The laity ought to understand the faith, and since the doctrines of our faith are in the Scriptures, believers should have the Scriptures in a language familiar to the people, and to this end the Holy Ghost endued them with knowledge of all tongues.
God may not accept a person to forgive him his sins, without an atonement, else he must give free license to sin both in angels and men, and then sin were no sin, and our God were no God.
What cursed spirit of falsehood moveth priests to close themselves within stone walls for all their life, since Christ commanded all his apostles and priests to go into all the world, and to preach the Gospel?
We should know that faith is a gift of God, and that it may not be given to men, except it be graciously. Thus, indeed, all the good which we have is of God; and accordingly, when God rewardeth a good work of man, he crowneth his own gift.
Belief fails when it works not well indeed but is idle as a sleeping man... Each virtuous deed is strong when it is grounded upon the solidity of belief.
It is certain that the truth of the Christian faith becomes more evident the more the faith itself is known. Therefore, the doctrine should not only be in Latin but also in the common tongue, and as the faith of the Church is contained in the Scriptures, the more these are known in the true sense, the better.
By the law of Christ, every man is bound to love his neighbour as himself; but every servant is a neighbour of every civil lord; therefore every civil lord must love any of his servants as himself; but by natural instinct, every lord abhors slavery; therefore, by the law of charity, he is bound not to impose slavery on any brother in Christ.
It is not good for us to trust in our merits, in our virtues or our righteousness; but only in God's free pardon, as given us through faith in Jesus Christ.

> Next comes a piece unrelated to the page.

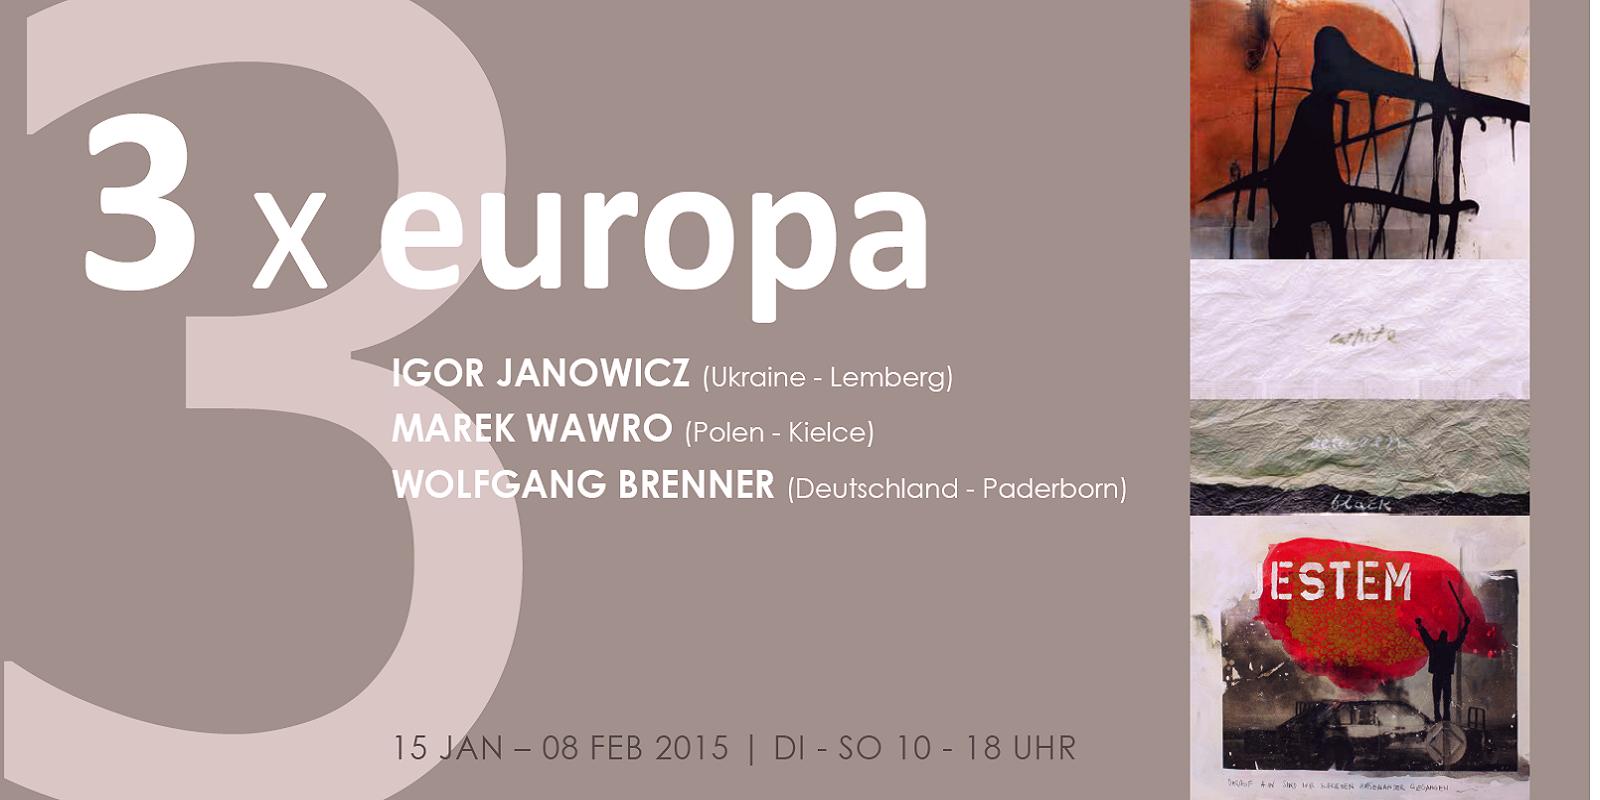 3 x europa | Igor Janowicz | Marek Wawro | Wolfgang Brenner

Two places are ordained for man to dwell in after this life. While he is here, he may choose, by God's mercy, which he will; but once he is gone from here, he may not do so. For whichever he first goes to, whether he like it well or ill, there he must dwell forevermore. He shall never after change his dwelling, though he hates it ever so badly.
We all are originally sinners as Adam and in Adam, his leprosy cleaving faster to us than Naaman's did to Gahazai, so that even the infant, before it has seen the light of the world, has this blemish inherent in its unborn members.
Christ's fishermen should not meddle with men's law, for men' s law contains sharp stones and trees by which the net of God is broken, and the fish wend out of the world.